◆ Action item
What you give must be the lines from the one containing "Magnetic Mech Cases" through the last line of the listing below, exactly, with nothing else and no pictures.

◆ Material provided
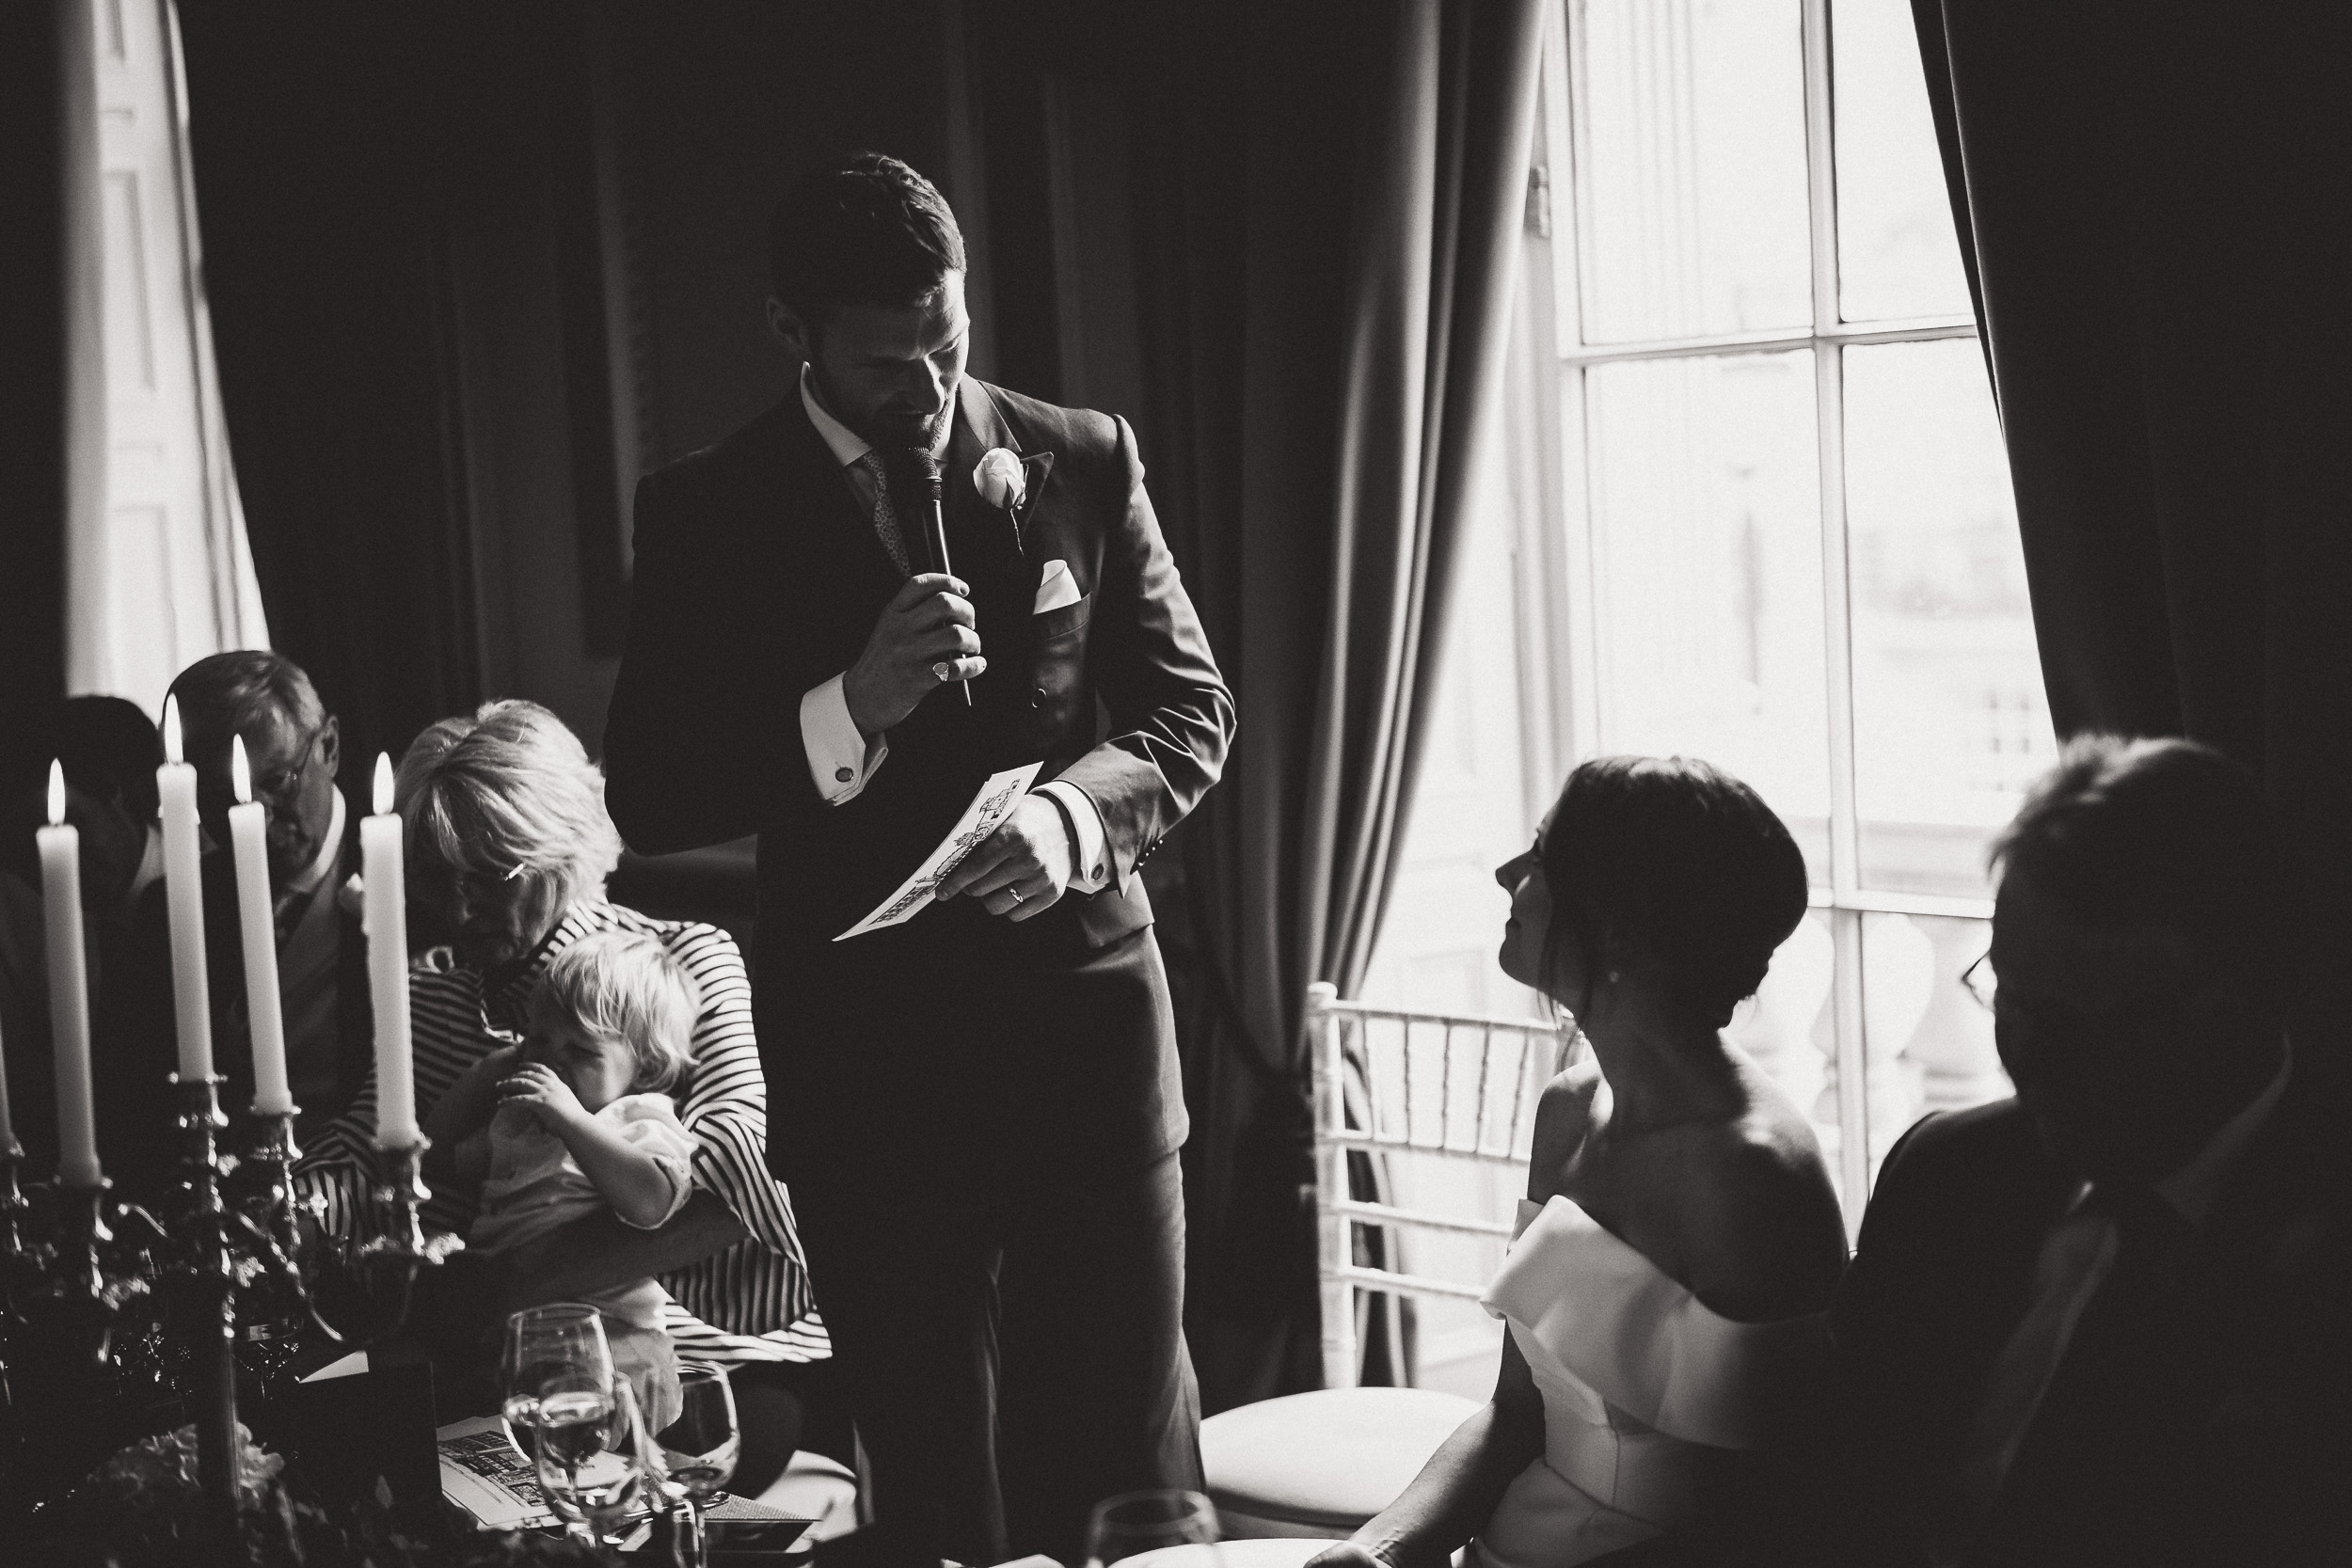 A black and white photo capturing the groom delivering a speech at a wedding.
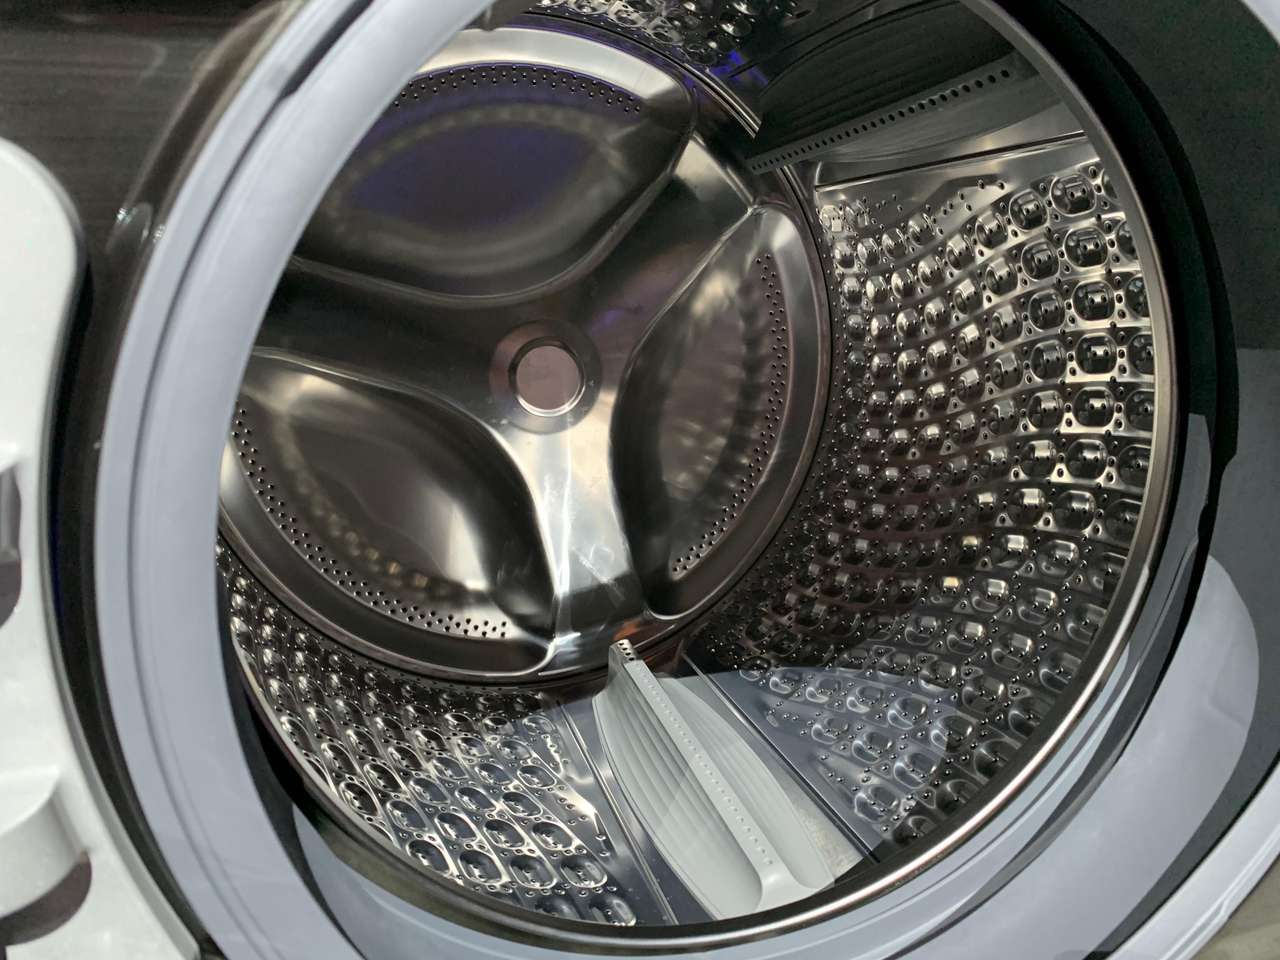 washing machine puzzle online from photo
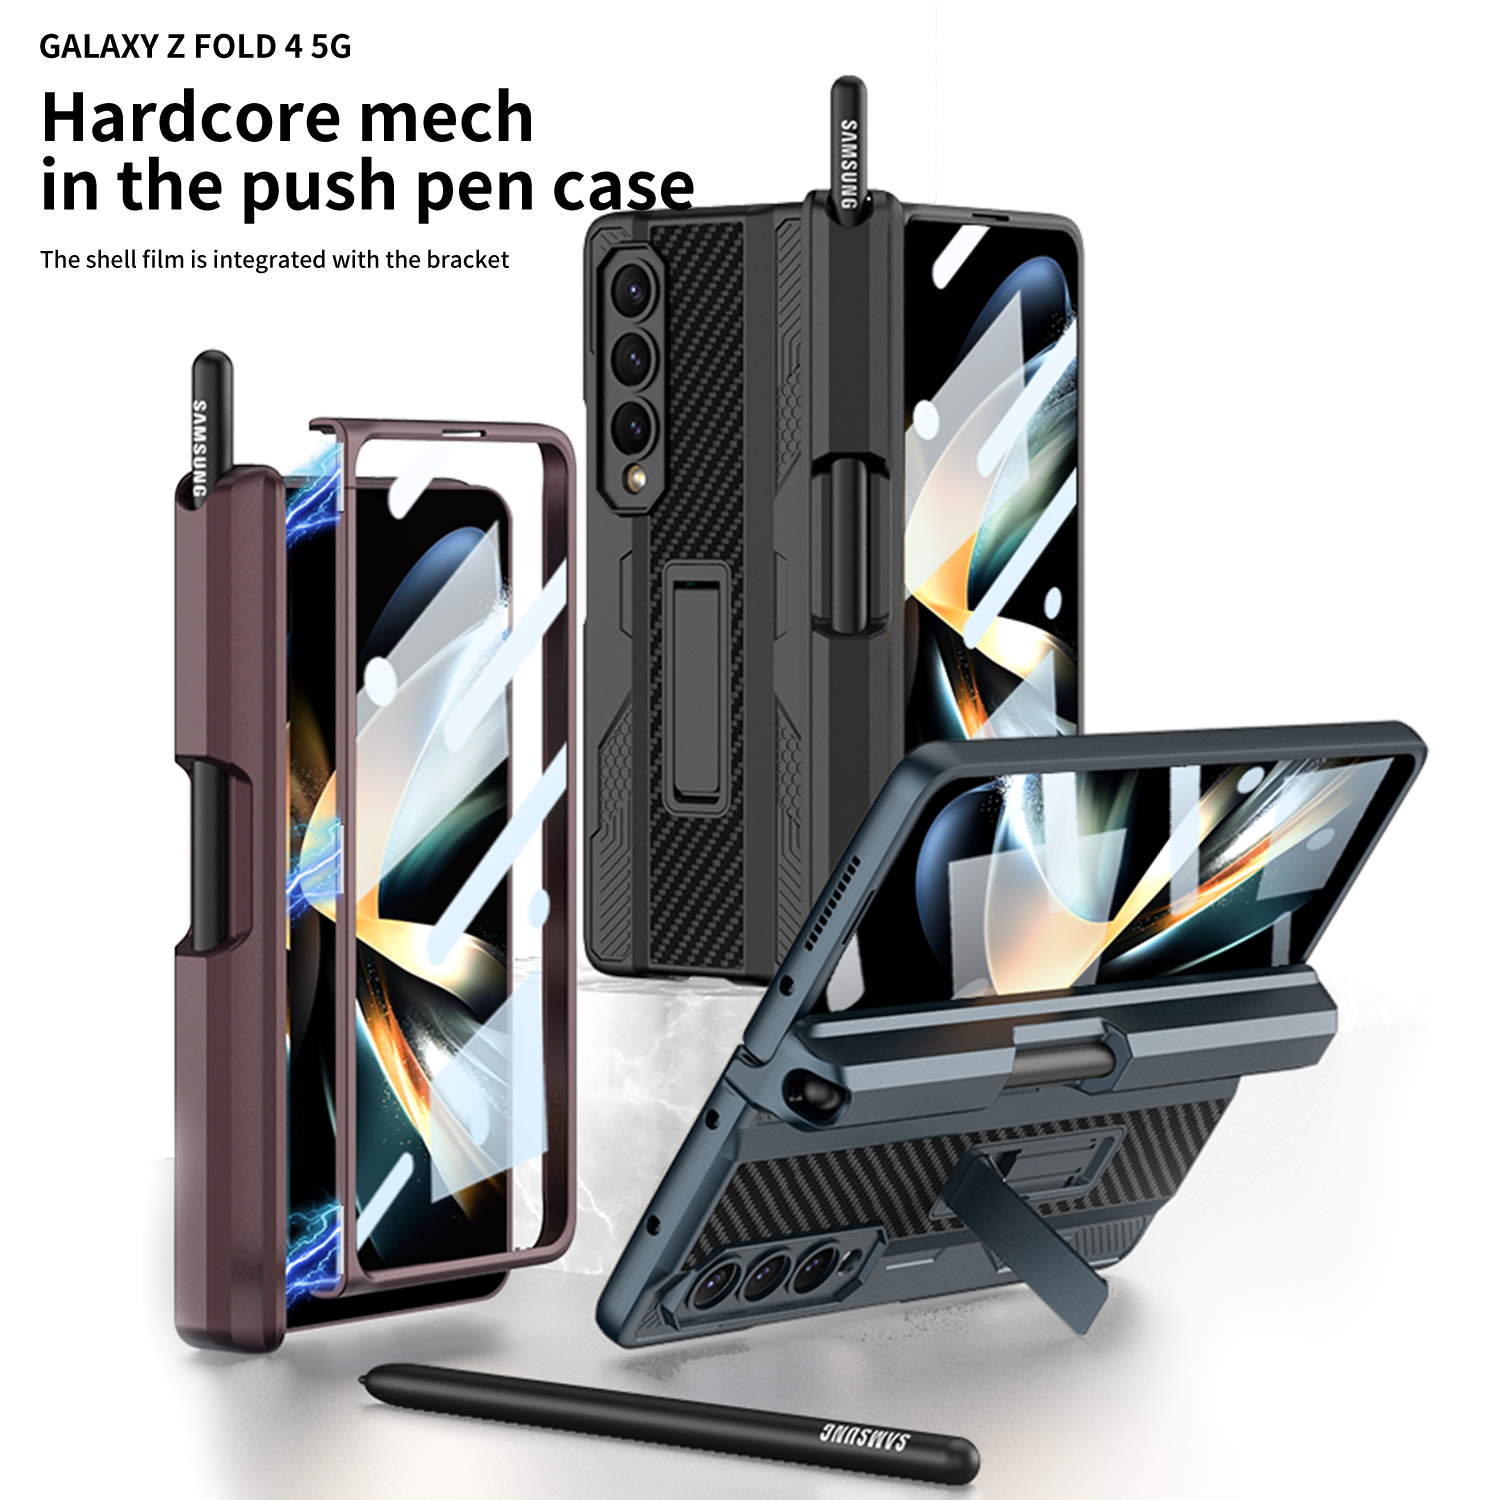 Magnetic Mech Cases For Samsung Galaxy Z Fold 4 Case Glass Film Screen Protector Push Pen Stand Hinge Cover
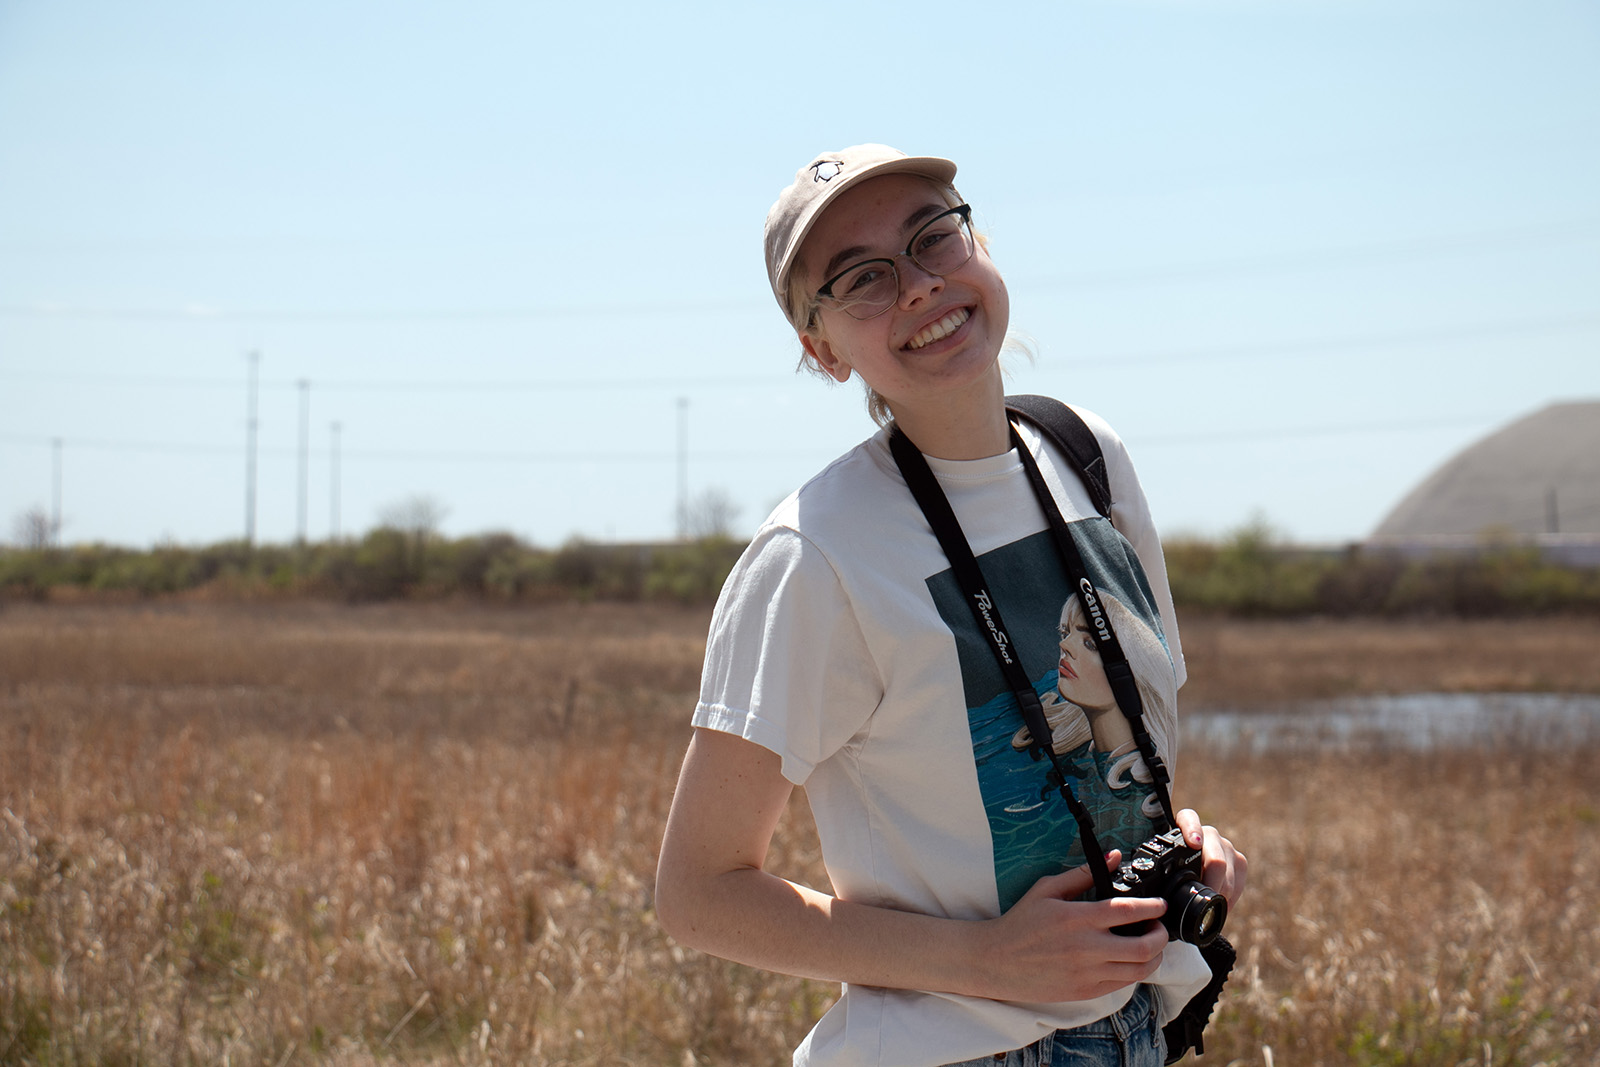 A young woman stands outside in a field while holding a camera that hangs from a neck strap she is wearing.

◆ Problem solution
 Magnetic Mech Cases For Samsung Galaxy Z Fold 4 Case Glass Film Screen Protector Push Pen Stand Hinge Cover
 A young woman stands outside in a field while holding a camera that hangs from a neck strap she is wearing.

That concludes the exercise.